I recently asked for some advice from fellow blogger Sophia Hsiao, whose gorgeous nature photography has me longing to visit Taiwan. In response to my inquiry about Taiwanese cities to visit, Sophia recommended a few and added “Each city has its streets”. Sophia then listed the best streets in her recommended cities.
As a smart traveler, Sophia knows you can’t just show up in a town—you’ve got to know where to go once you get there. Every large city seems to have that one predictable street, the street with the H&M, The Body Shop, Sephora and the usual fast food chains. Trust me—without a plan you’ll find yourself aimlessly wandering this street, wondering why you bothered with an expensive plane ticket only to walk by yet another Subway and Zara.
Chicago has many boring streets: I often think the 11th plague has descended on the city in the form of Starbucks and Dunkin’ Donuts. Don’t let that keep you away though, because Chicago also has vibrant, unique and delicious streets. My happy street is Argyle Street. Here’s how it can be your happy street too:
Take the Red Line train North and get off at the Argyle station. Step out onto Argyle street and start walking three blocks East from Broadway to Sheridan. The aroma of roast duck will pull you forward, past the junkies bumming train passes, past stencil-eyebrowed Vietnamese ladies in bedazzled polyester pant suits and plastic-stacked high heels, past 20 something Asian hipsters with excessive hair gel.

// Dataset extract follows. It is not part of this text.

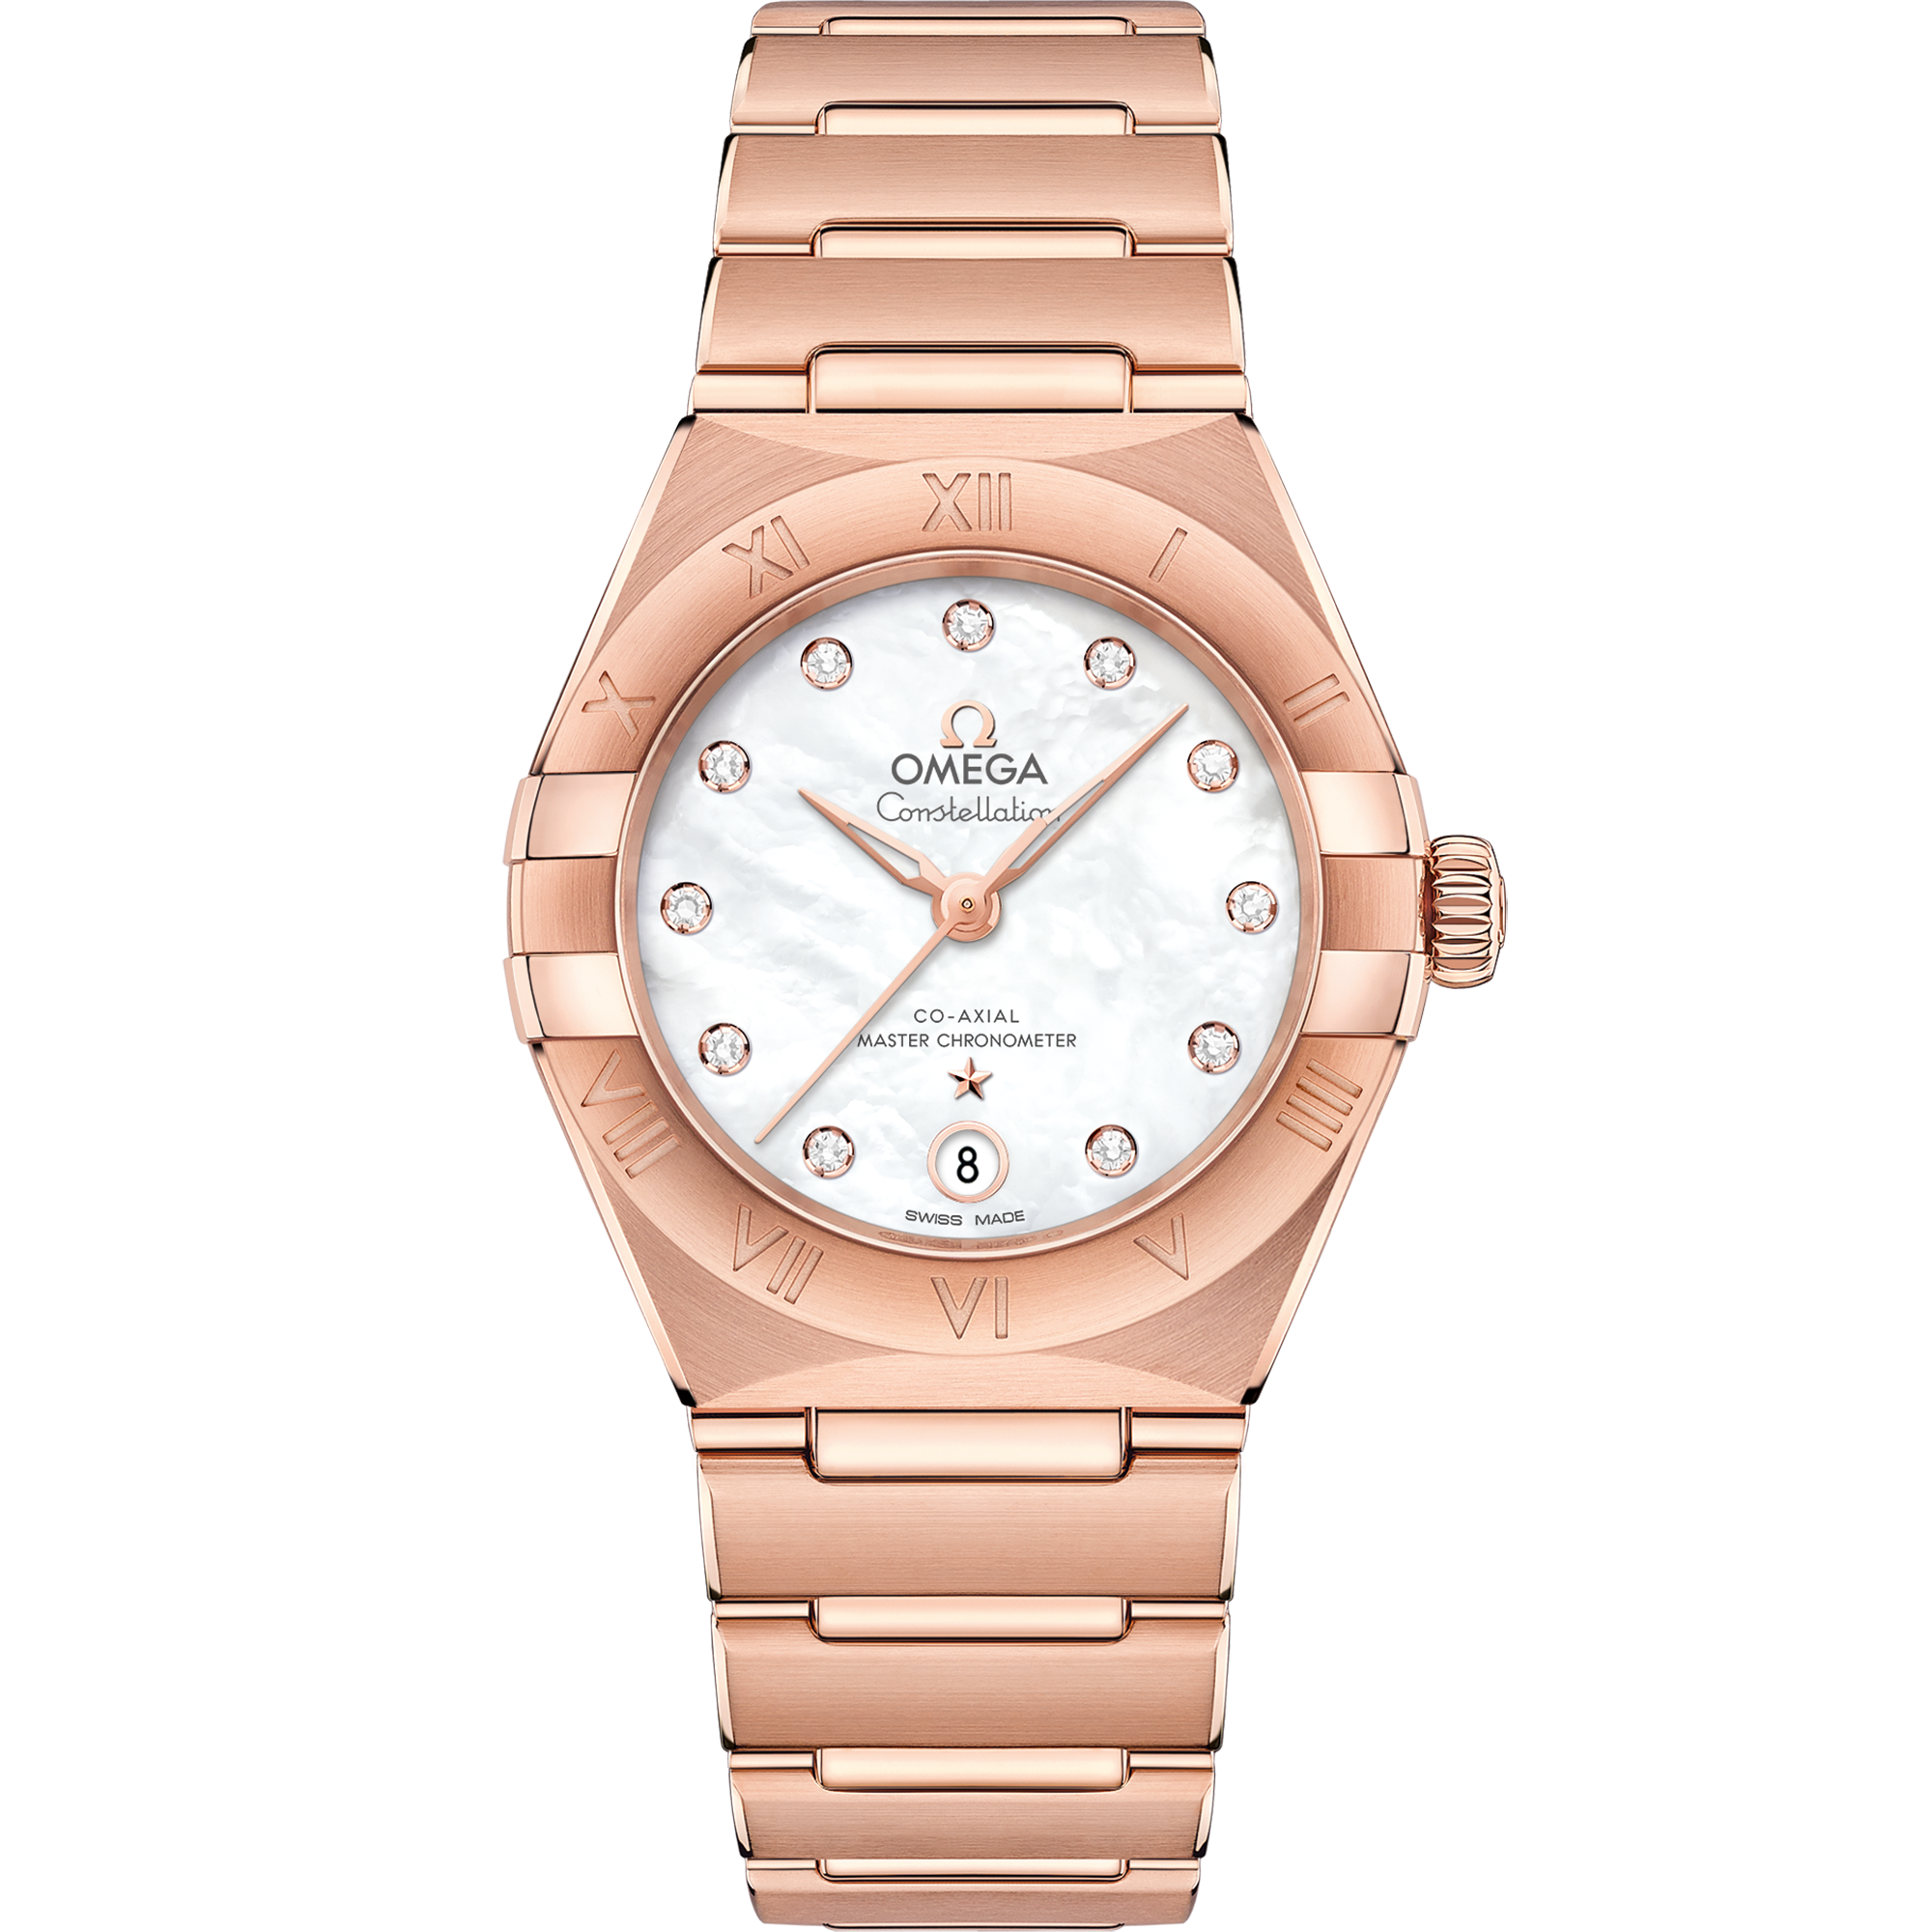 Constellation 29 mm, ouro Sedna™ em ouro Sedna™ - 131.50.29.20.55.001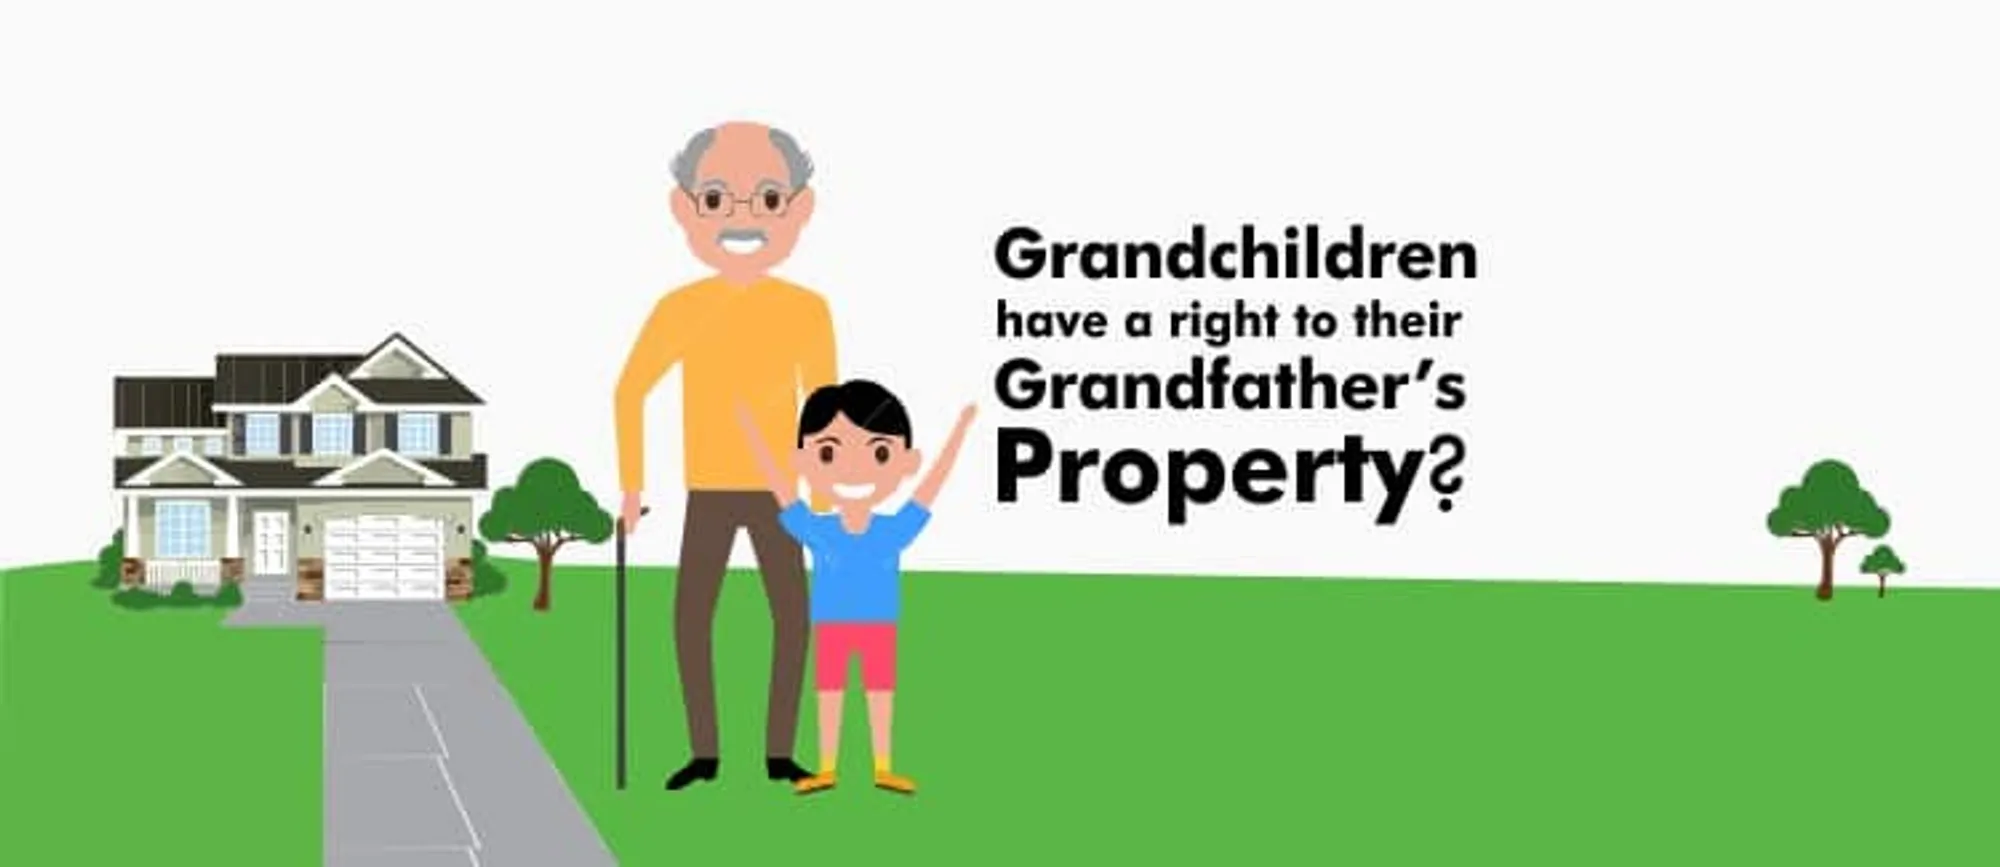 Do grandchildren have a right to their grandfather’s property

Spend some time with all the murals, like this one telling the history of immigrants on Argyle Street (apparently a horse with a freakishly large head one made his way here too).
Every mural painter should have a bubble butt…
Many residents of Argyle Street are Vietnamese-American.
Browse a Vietnamese grocery and wonder what they do with all those dried fish.
Argyle Street is sometimes known as New Chinatown.
I lived just around the corner from Argyle Street for a couple of years and never stopped giggling at the business names during my daily walk to the train station. (Sadly, Hung Low Restaurant is now closed).
Admire the elegant terracotta buildings that line Argyle Street.
Panhandlers in front of Foremost Liquors will ask for exactly the amount change they need to buy their next 40 ounce beer. Come on, can’t you help out with 46 cents?
Now, once you reach the corner of Argyle and Sheridan hang a sharp right because it’s time for some entertainment with Argyle Street’s own Mr. Entertainment.
Mr. Entertainment has delivered song sensations to swooning Argyle Street fans since 1987. Living in an SRO on the corner where he sings, Mr. Entertainment can sometimes be glimpsed through a second floor window eating his lunch while simultaneously crooning into his foil covered microphone. People, that’s what I call dedication.
Now that you’ve worked up an appetite, pull yourself away from the musical stylings of Mr. Entertainment and walk one block North to the corner of Sheridan and Winona. This area is heavily Pakistani-American, and when I lived on this block I was constantly hungry from the smell of fried spices. Shan Grocery is the place to scarf down a Pakora Curry while watching World Wide Wrestling with guys in shalwar kameez .
Or perhaps you would enjoy a steaming bowl of phở—if so, return to Argyle Street, walking West, and take your pick of phở shops.
Me? I usually head straight to Ba Le at the intersection of Argyle and Sheridan for a Bahn Mi sandwich and an undefinably weird tapioca desert. Their prices are cheap and the Bahn Mi are crumbling stacks of tangy yumminess.
Carnivores should cross the street to Sun Wah. You know that roasting duck ambrosia that infuses Argyle Street?— it’s coming from here. You and your three most chow-houndy friends can order a Peking duck dinner and waddle out onto Argyle Street feeling greasy and pleased with yourselves.
If you still have room for desert, your last stop is Chiu Quon Bakery, right across from the train stop. While this bakery sells an impressive variety of treats, HOB and I always order what we affectionately call “The Ass Cake of Chinatown”. Sorry, I don’t know the real name—just point at what looks the most like angel’s ass and savor it while you wait for the return train at the Argyle Street station.
So there you have it—no chain stores, cheap and tasty food, original street art and free entertainment, all for the price of a train ride. You’re welcome (and you owe me a Bahn Mi).